For me, the fear that Matt might close up
tight and that I'd lose him in the end.
For
him, fear of what? Commitment? Confiding? Being too close to
the job he'd despised?
Losing him altogether was
not an option she cared to contemplate. She had been in love
with Matt Wilson since their first meeting, on her first day
on the job at Fairview. She had instantly been drawn to
everything about him: his rugged looks, dark, shaggy hair
and perpetual five-o'clock shadow; his rangy, six-foot-two
body; the way his green eyes, so light in his tanned face,
seemed to see everything, take in everything.
The way
those eyes of his had searched her up and down, as though
they found nothing about her lacking.
For a long
time, Matt had been absorbed in his work at Fairview. These
days he was absorbed elsewhere, mainly with the Miami Police
Department, where his medical accolades had been tossed in a
drawer. She had been supportive of their time apart for a
while, even made excuses for him. But lately her gut
instinct told her that he was hiding something important
from her, hence the distance, the quiet.
Matt had
gone from an immeasurably hot pursuer to unreachable,
overnight. From lover to…nothing, without so much as a
glimpse of the old Matt's soul, something so necessary in a
true connection.
Was it clichéd to believe that
talking would serve the major purpose of setting things to
rights?
Had it been wrong of her to invite him here?

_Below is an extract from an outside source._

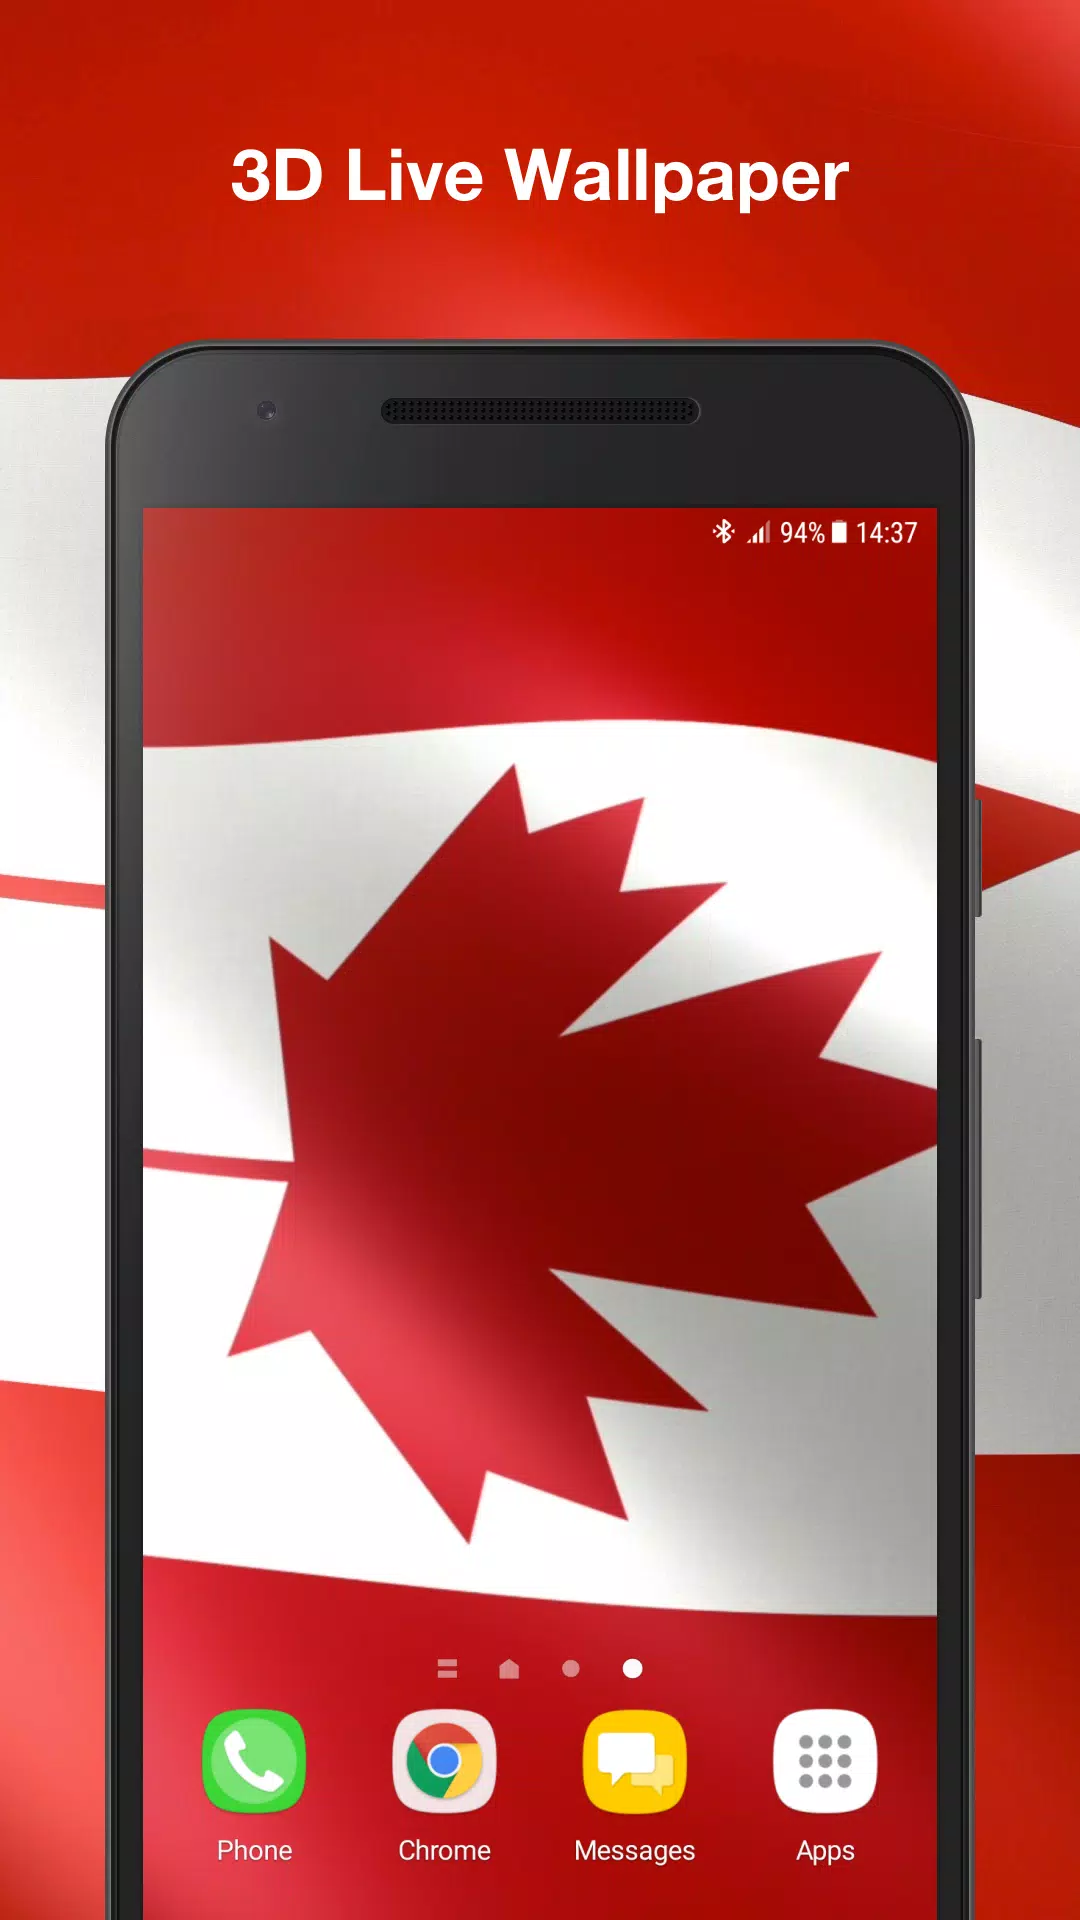 Hãy tải xuống ngay APK cho bức hình Live Wallpaper với hình ảnh Quốc kỳ Canada đầy tự hào! Sản phẩm của chúng tôi đặc biệt được thiết kế dành riêng cho điện thoại Android của bạn. Cùng khám phá lối sống mới với Live Wallpaper đẹp mắt và uyển chuyển này nhé!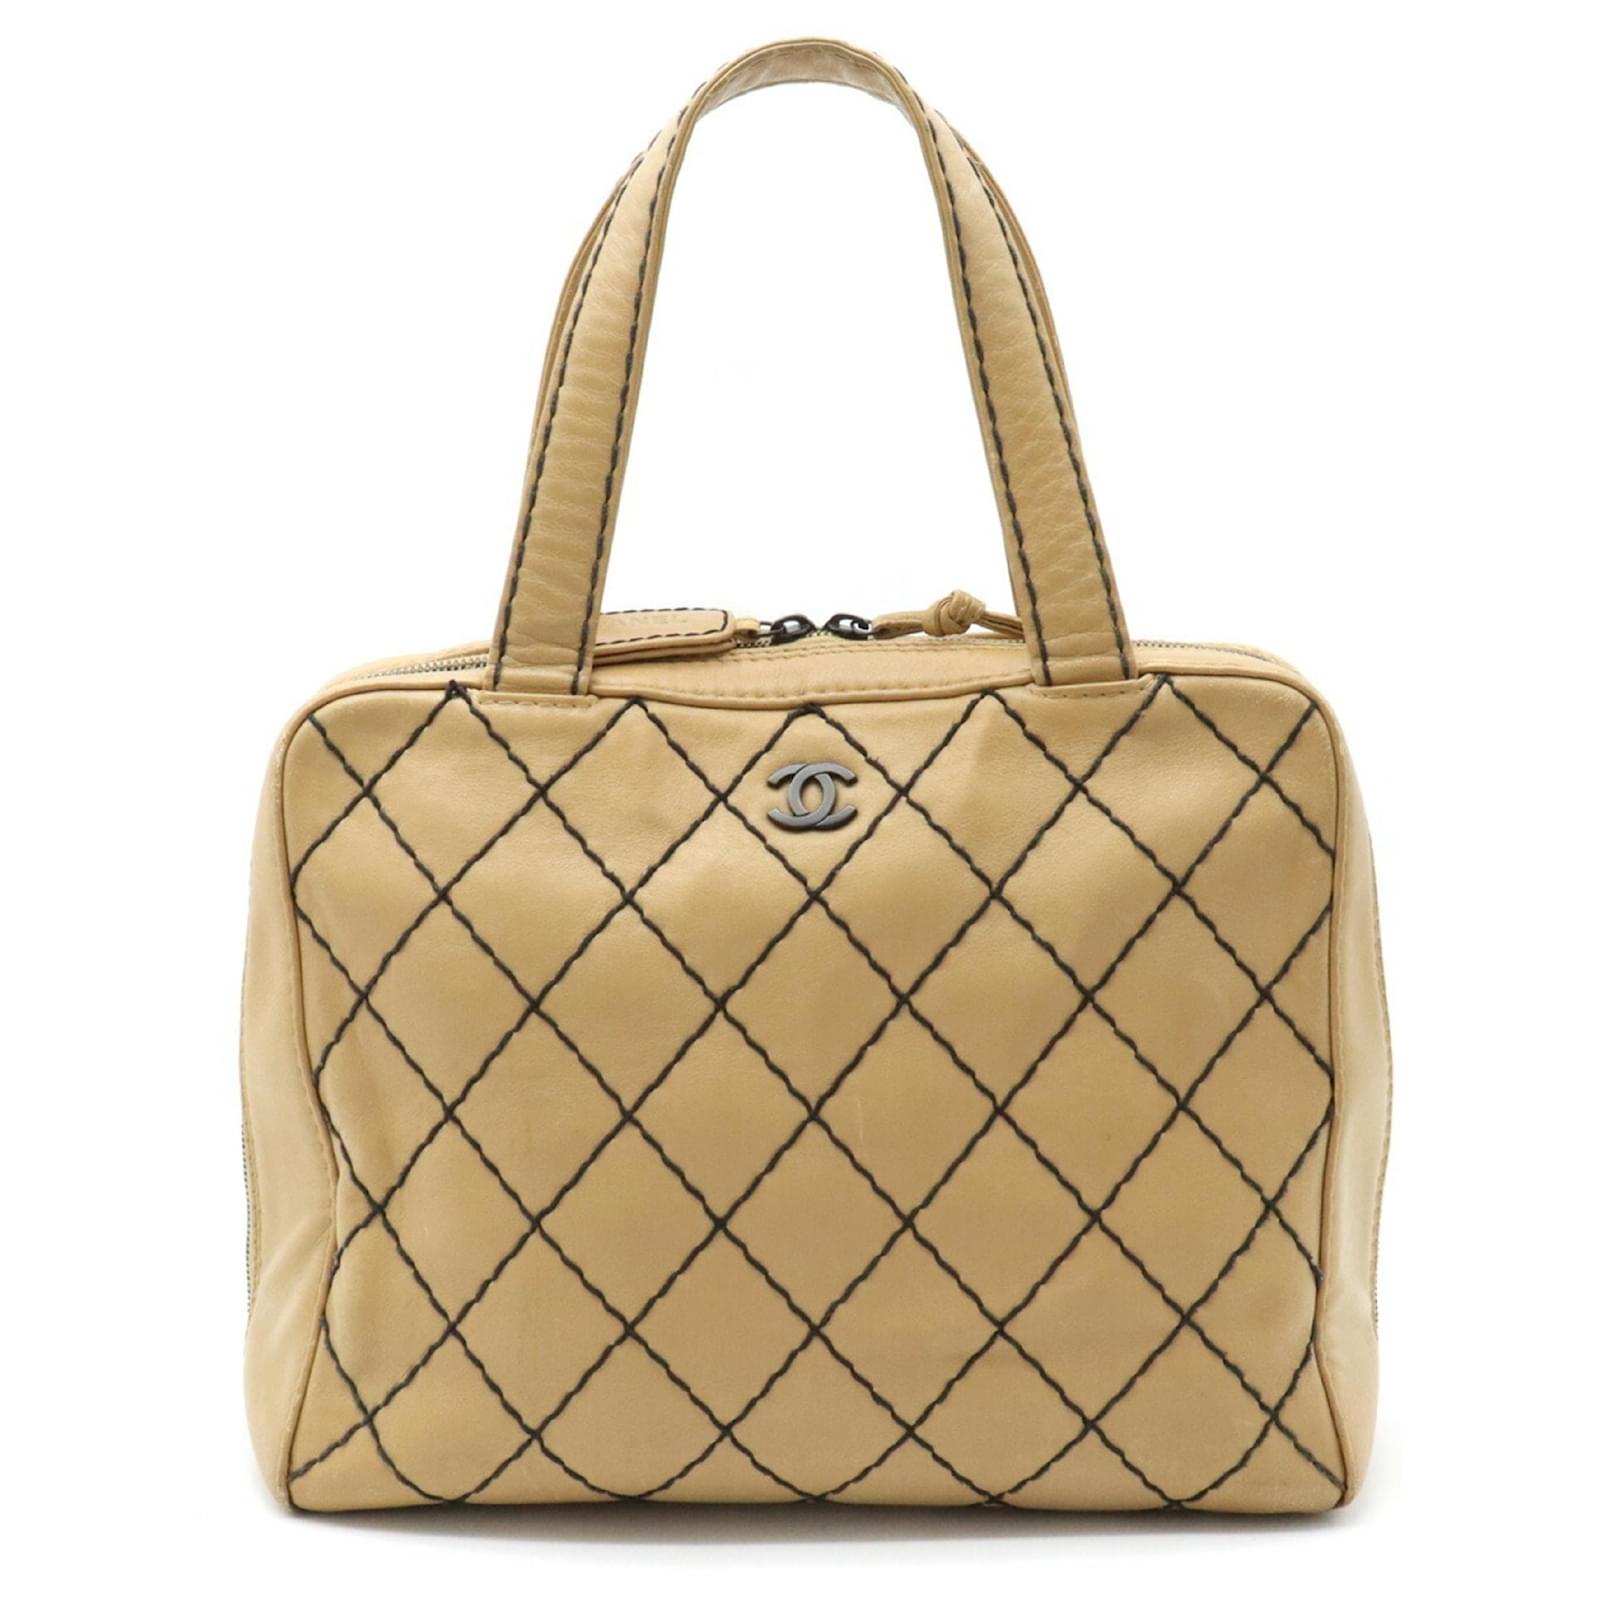 CHANEL Wild Stitch Handbag Boston Bag Leather Beige A14692

She could hardly breathe around him.
Had it been
wrong to keep what was in this cell?
Matt's hands
kept him supported now. His knuckles, on either side of the
glass, had gone white. She should say something, but
couldn't. Touch him? Every nerve in her body warned her not
to.
Hating the awkwardness, Jenna waited a few
moments more before looking into the cell.
Damn!
Matt stared at the thing pinging around in there, and
felt his own body react with a ripple of pure
terror.
The thing inside of this padded cell was a
woman, all right.
Barely.
It was hard to get a
good look. She was thrashing uncontrollably. Hitting the
walls. Ramming herself right and left, on her feet and then
on her knees when she'd fall. She rolled, lunged, tore at
herself with her hands—hands that weren't really hands
anymore, that were more like an animal's paws that had been
bound tight with surgical tape.
Her body was
grotesquely out of proportion, as though she'd been
stretched by some evil demon. She was naked, sort of. In
actuality, her body appeared to be producing its own furry
covering, though the process hadn't been completed…yet. The
thing in the cell was raw, and nearly completely mad. She
was half bare skin, half fur. Half human, half animal.